[WHAT THE TASK REQUIRES]
Each line of the listing must be transcribed exactly, except for the images, which should be excluded.

[DATASET CONTENT]

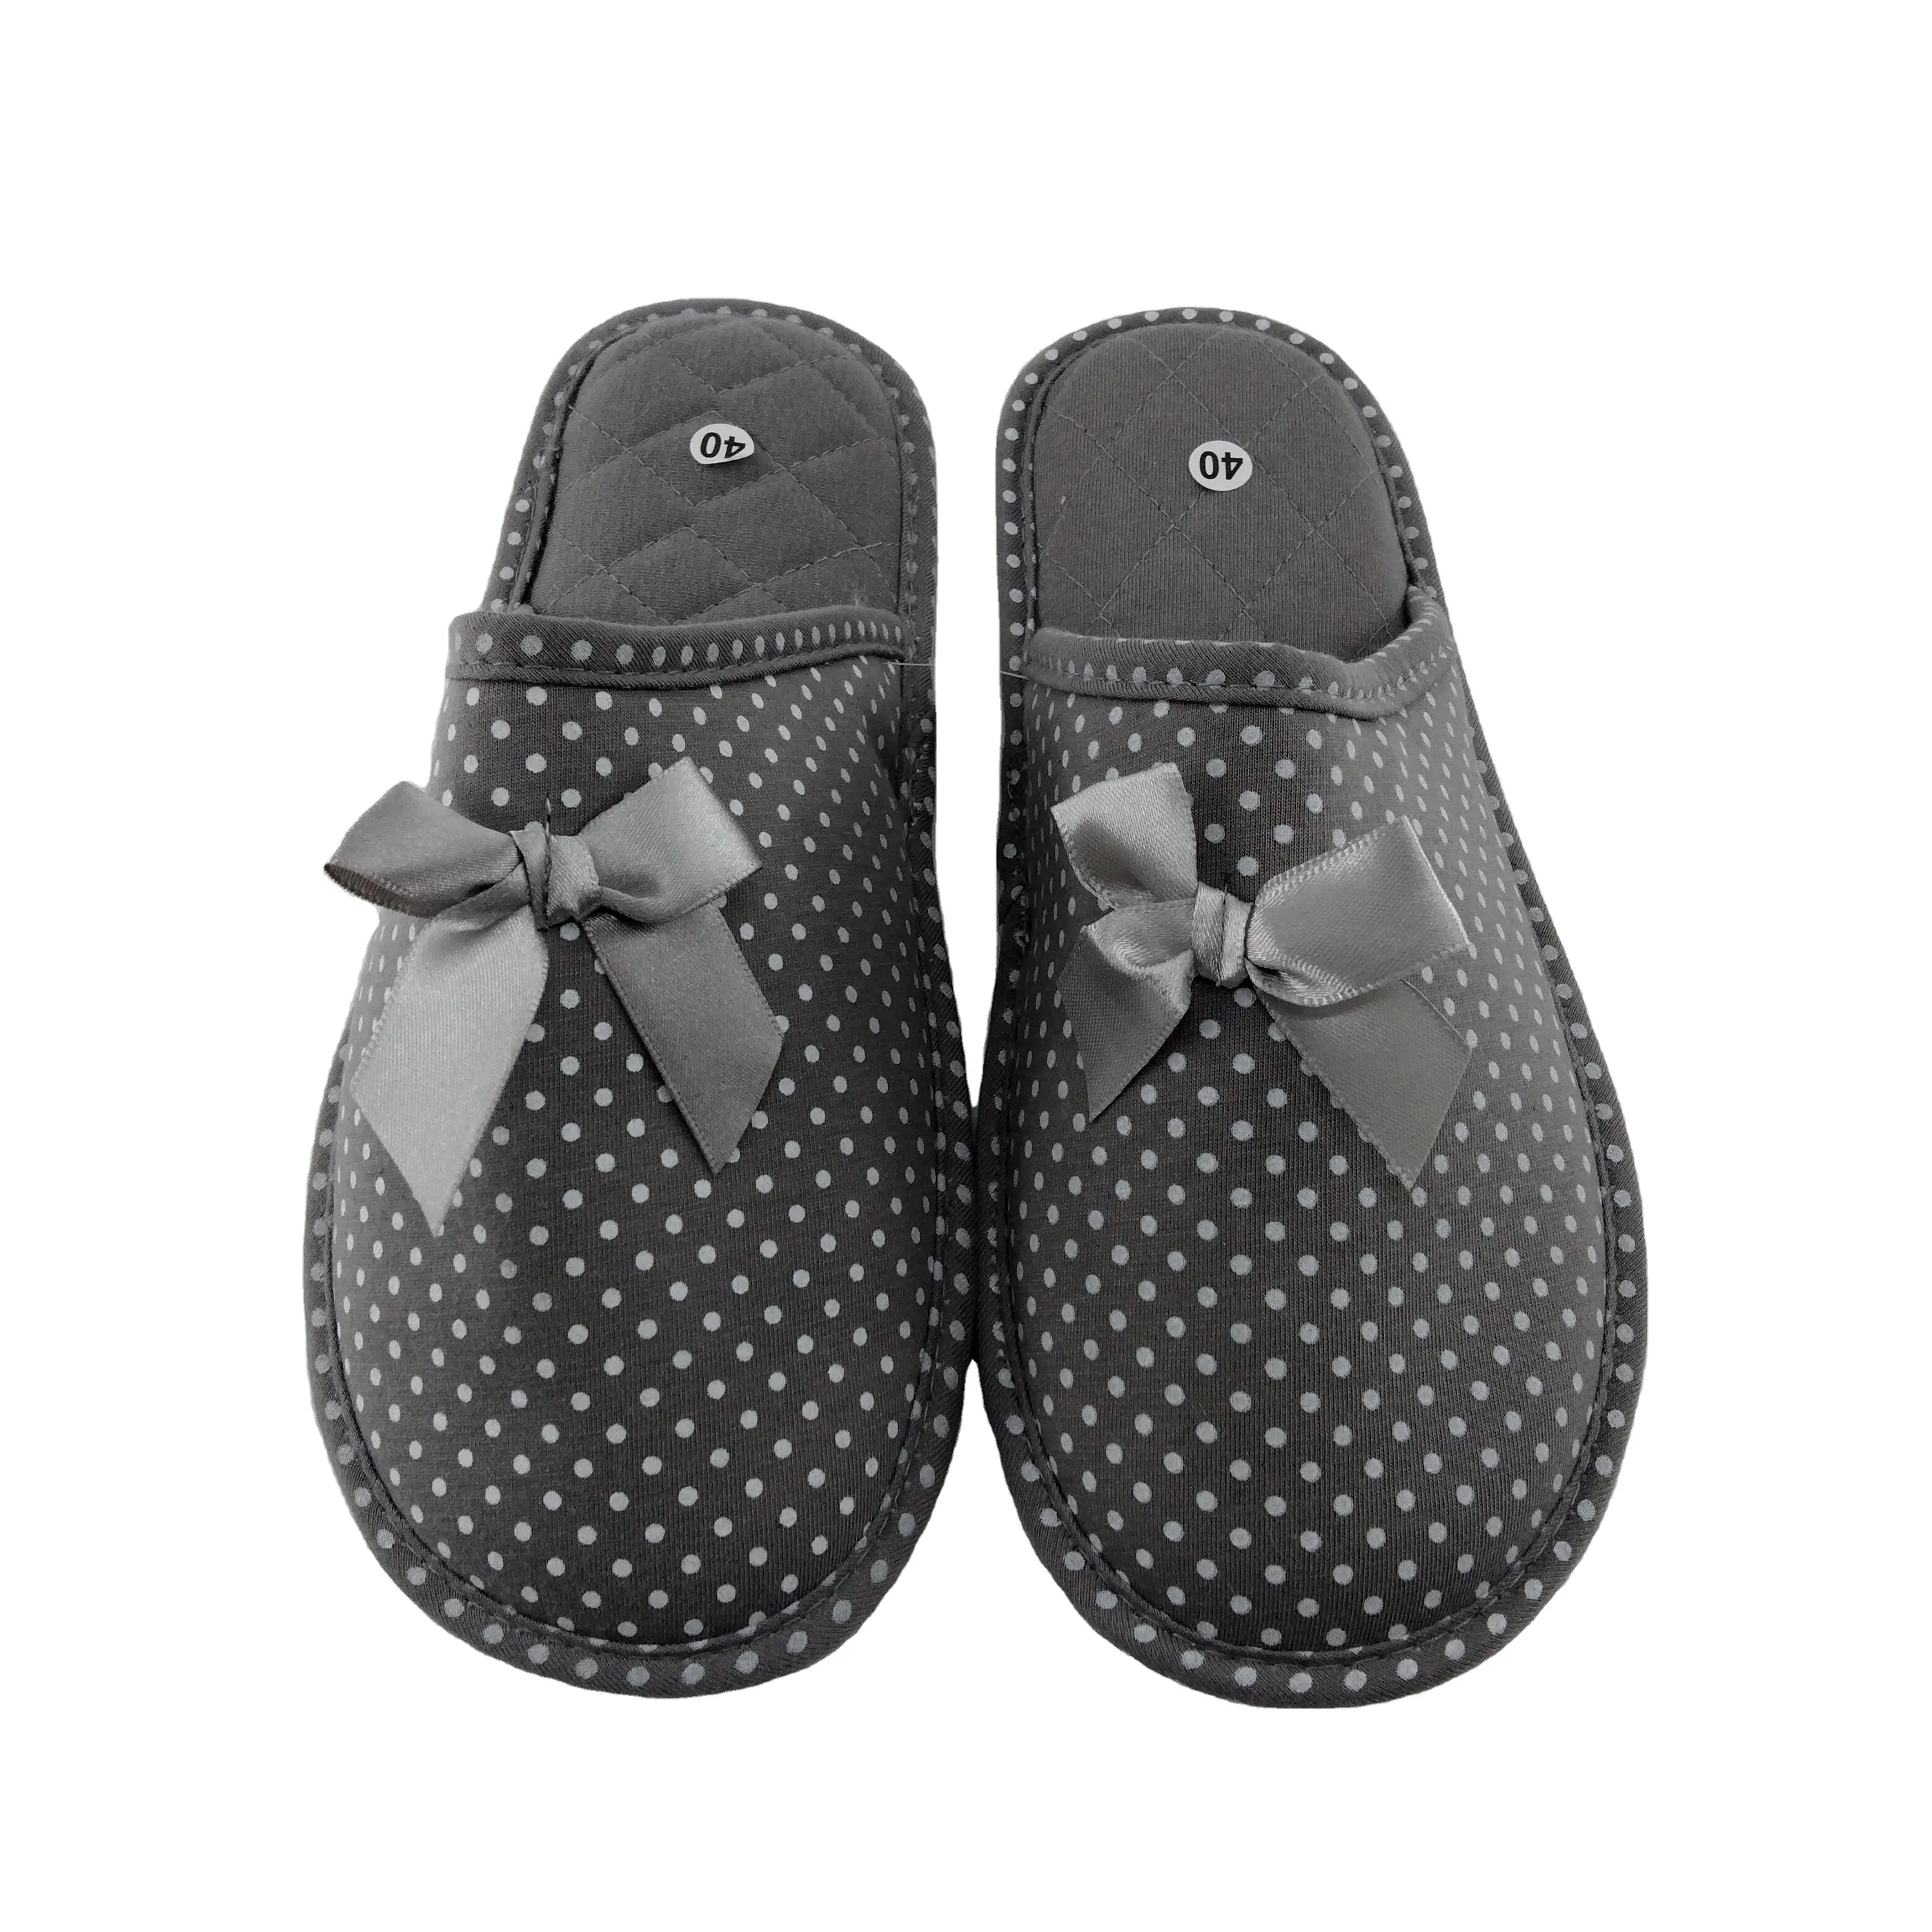 Wholesale Indoor Soft Cotton Jersey Sleeper With Bowknot Bedroom Indoor Slippers Women Footwear For Women
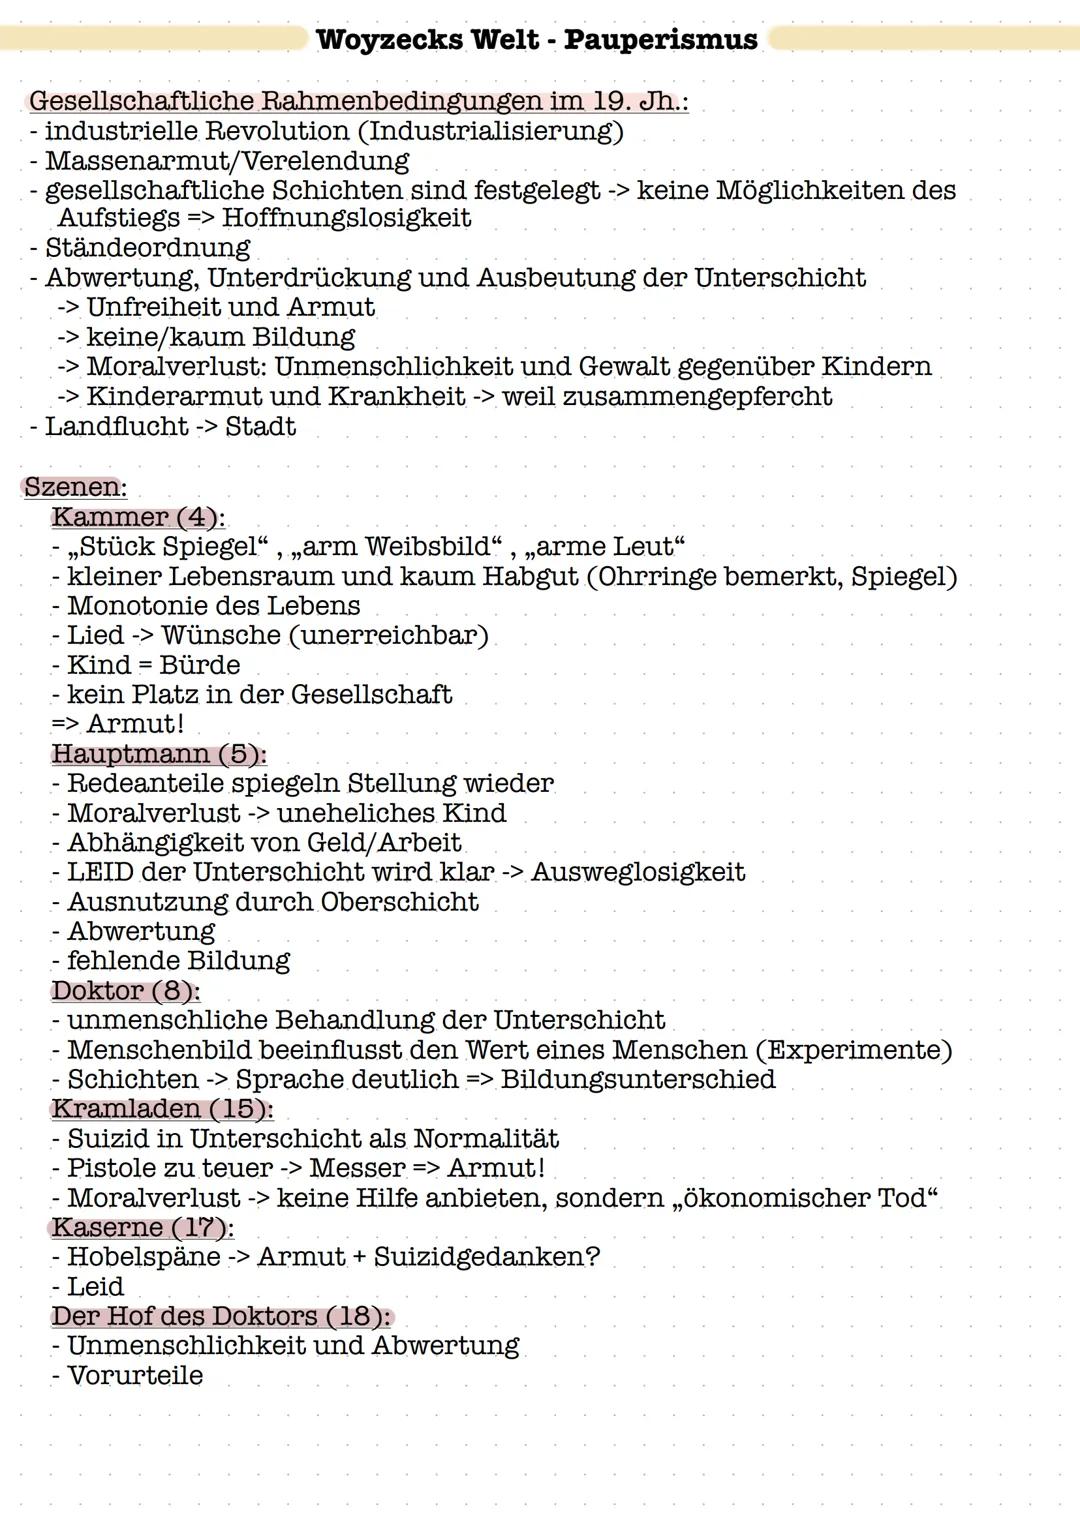 Daten zu Georg Büchner
17. 10. 1813 - Geburt als Sohn eines Arztes in Goddelau (Herzogt. Hessen)
1822-1825 - Besuch der Erziehungs- und Unte

[TASK RESULT]
 Wholesale Indoor Soft Cotton Jersey Sleeper With Bowknot Bedroom Indoor Slippers Women Footwear For Women
 Daten zu Georg Büchner
17. 10. 1813 - Geburt als Sohn eines Arztes in Goddelau (Herzogt. Hessen)
1822-1825 - Besuch der Erziehungs- und Unte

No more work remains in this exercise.